All is not well, however. Gail suggests that she and Vaughn remarry, which he’d hardly seen coming. Then later, at Gail’s request, arrives Vaughn’s brother Newton, who had dated Gail before she married Vaughn and who Vaughn has never gotten on with.
The everyday interaction of these individuals—including one encounter between Vaughn and Gail’s young boyfriend who beat her up—moves the novel along nicely. Vaughn meditates often on his father whom he feels he did not take proper care of before his death; he is weighed down by guilt, a guilt his brother does not share; for him, the old man was a “sick fuck.”
Above all, this is a meditation on the middle stage of life where the characters have ex’s in tow to complicate their lives (even the dead one interferes), and the youthful passion of getting “swept away” in a new relationship is not going to happen. When one’s limitations are realized with finality. When everything suddenly seems to come to a halt, mirroring the still ravaged landscape that never seems to get cleaned up and back to where it was before.
Where does one go from here? How does one cope? Our protagonist Vaughn and Greta seem blown by the wind, merely filling in time—taking long drives, often late at night; drinking milkshakes and eating fast food; going to the casino; watching cop shows on TV. No, it’s hardly the life he’d envisioned, and how he—and the others—comes to terms with it forms the driving force of the novel.
Anyone who’s read Barthelme’s Elroy Nights will see parallels galore, which is obviously deliberate. In that novel, middle-aged Elroy, living apart from his wife of many years, is equally adrift: his career as an artist has foundered (he now teaches part-time at the local college); he is equally guilt ridden over the lack of attention paid to his father during his last days, and he has a girlfriend (a young student, in this case, his step-daughter’s age) while still feeling attached to his wife - just the flip side of Waveland where Gail takes up with a young boy.

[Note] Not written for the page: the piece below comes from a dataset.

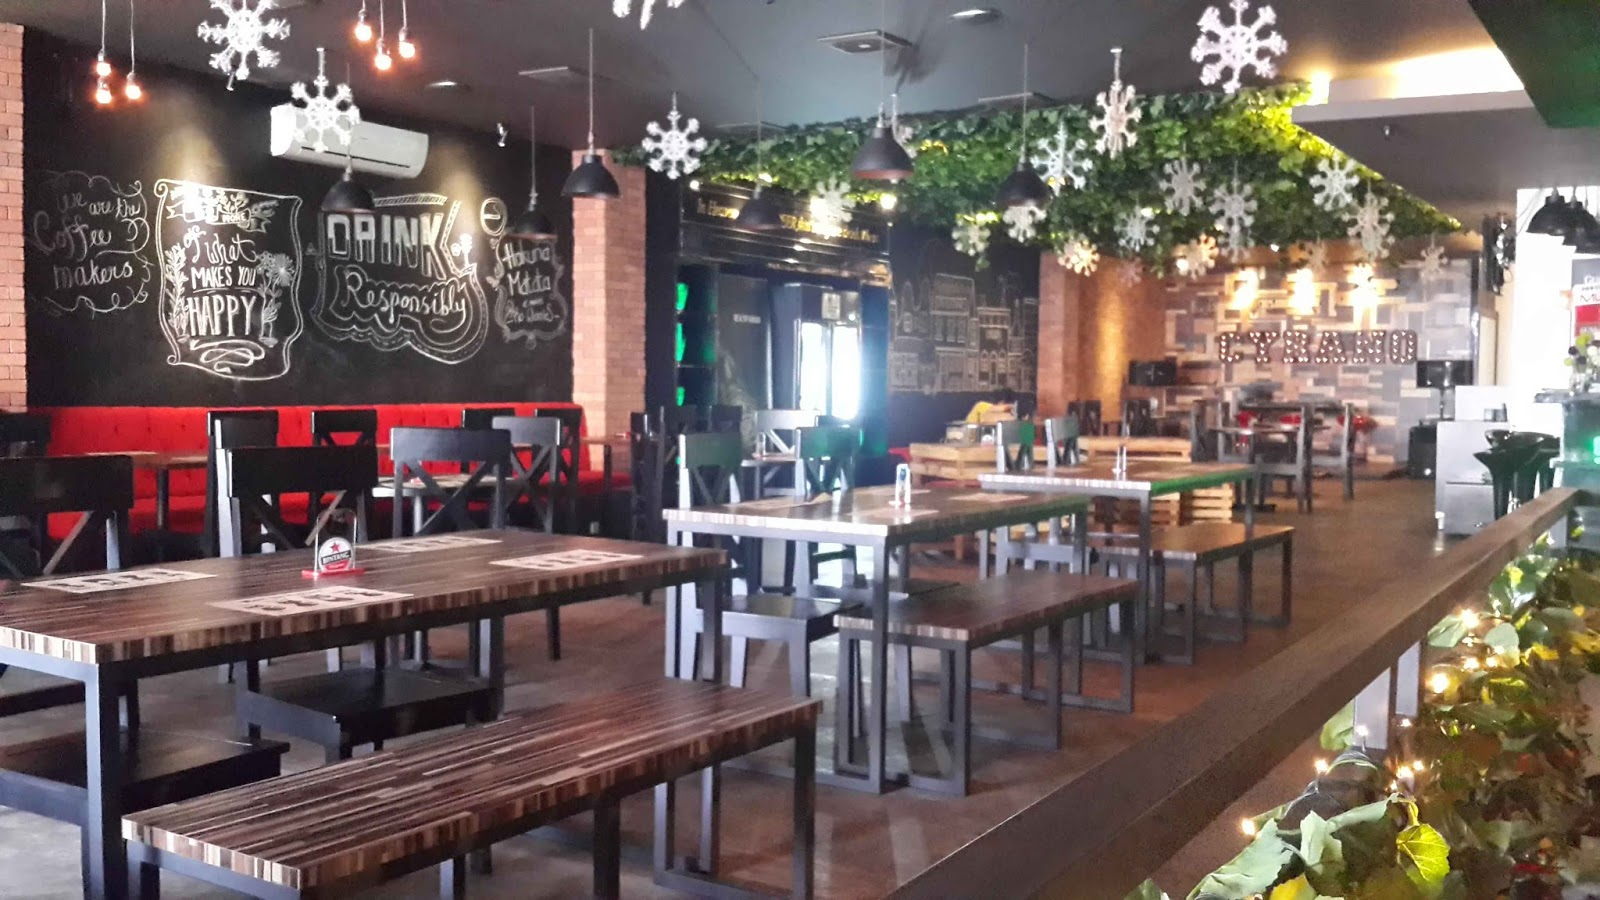 Cyrano Cafe Tempat Ngopi Asyik Bareng Teman
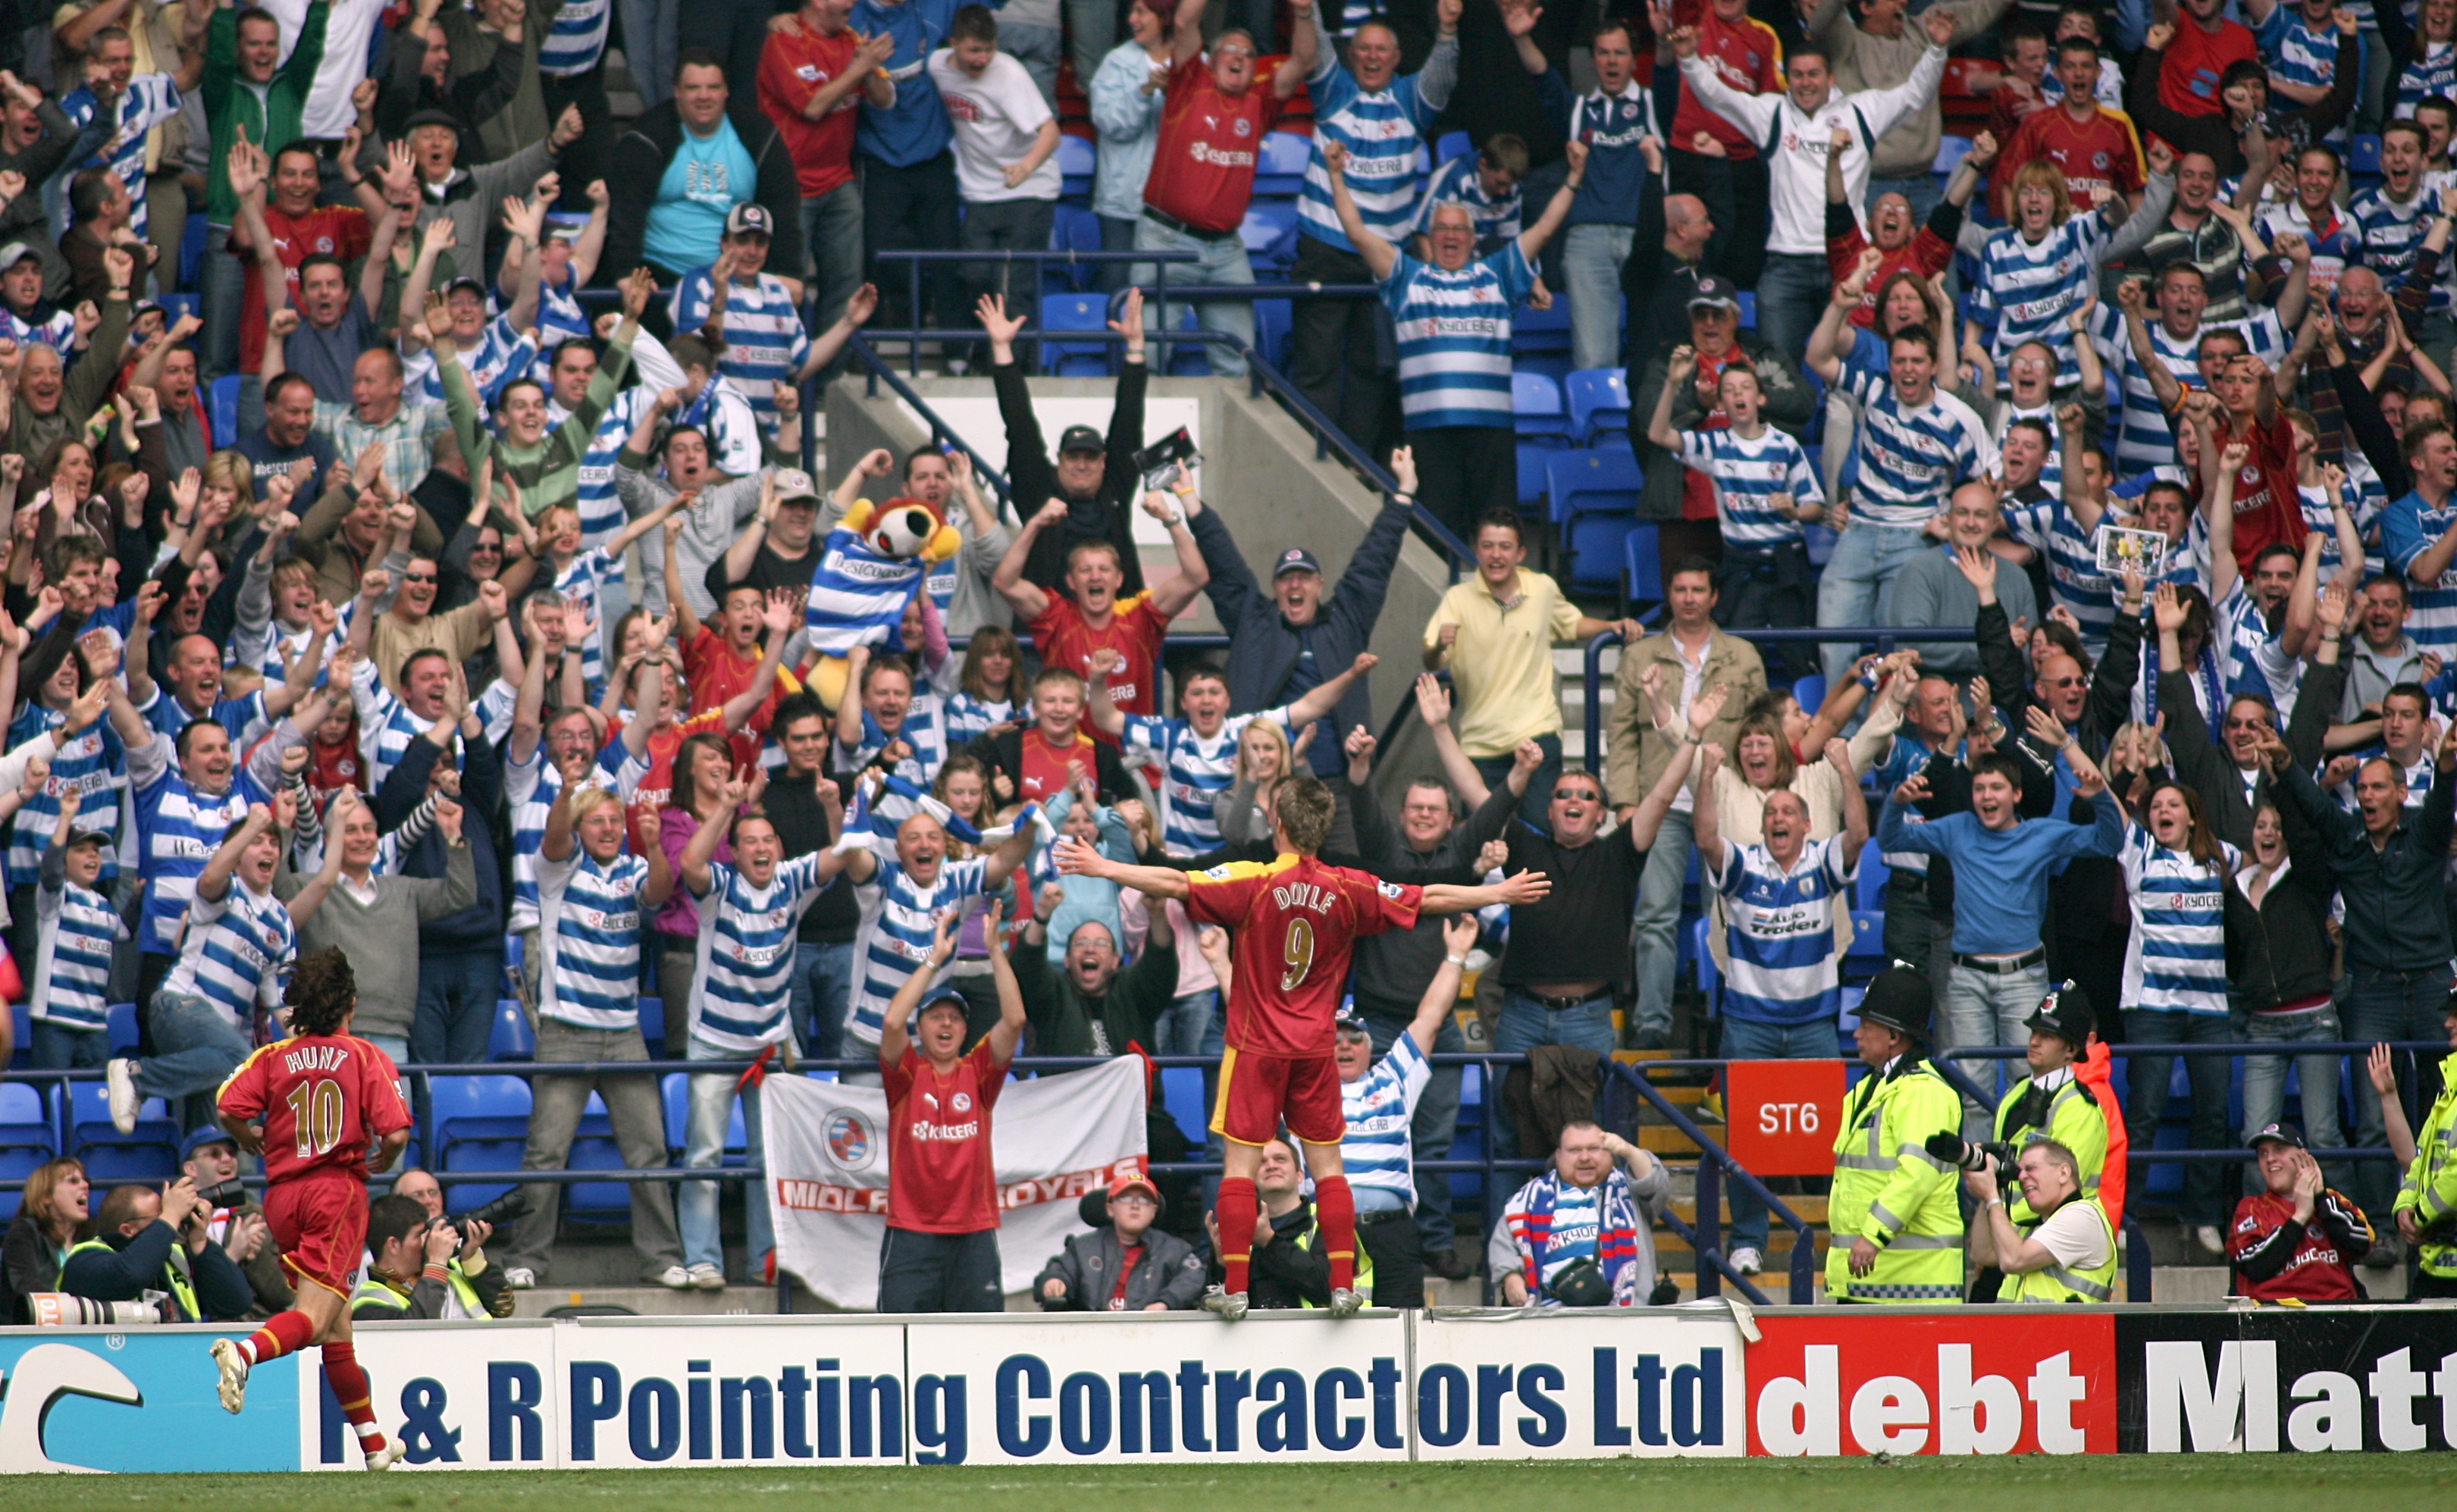 Soccer - FA Barclays Premiership - Bolton Wanderers v Reading - The Reebok Stadium

Waveland is a variation of the earlier novel, Elroy morphed into a slightly older, more resigned, post-Katrina Vaughn. Elroy had his moments of getting swept away with the lovely young student, but Vaughn would hardly stand a chance there. Both comment with great insight on middle age. Vaughn sums it up like this:
You get to a point and things that used to mean something don’t mean what
they used to mean. The game changes. You don’t want what you used to
want. You don’t care what you used to care about. You don’t need what you
used to need. The whole world becomes a backdrop, a kind of cartoonish
painting at the rear of the stage to which you pay not much attention. You
only half listen to what people have to say, you only half see what’s out the
window. Sometimes you see people in stores or restaurants and you can’t
understand how they got there, what they think they’re doing, why they’re
got-up so, why they’re trying so hard, what they’re after, what they hope
for, what they wish. It’s impossible to figure these things out and you don’t
care anyway. You drift through the days. They come and go.
Back in Elroy, Elroy’s neighbor, trying to sell him on Vitality capsules, says to him: “Vitality of your brain is the most important. So many older people I know lose that . . . they become like musk oxen. Bumping around, riding around in their big cars, nothing at all in the head.” This is our Vaughn. But there is resolution in both novels. And no one I know has tagged middle age better age better than Barthelme. Vaughn can even make us chuckle here and there; thank god, because these novels truly throw up a mirror. J.A.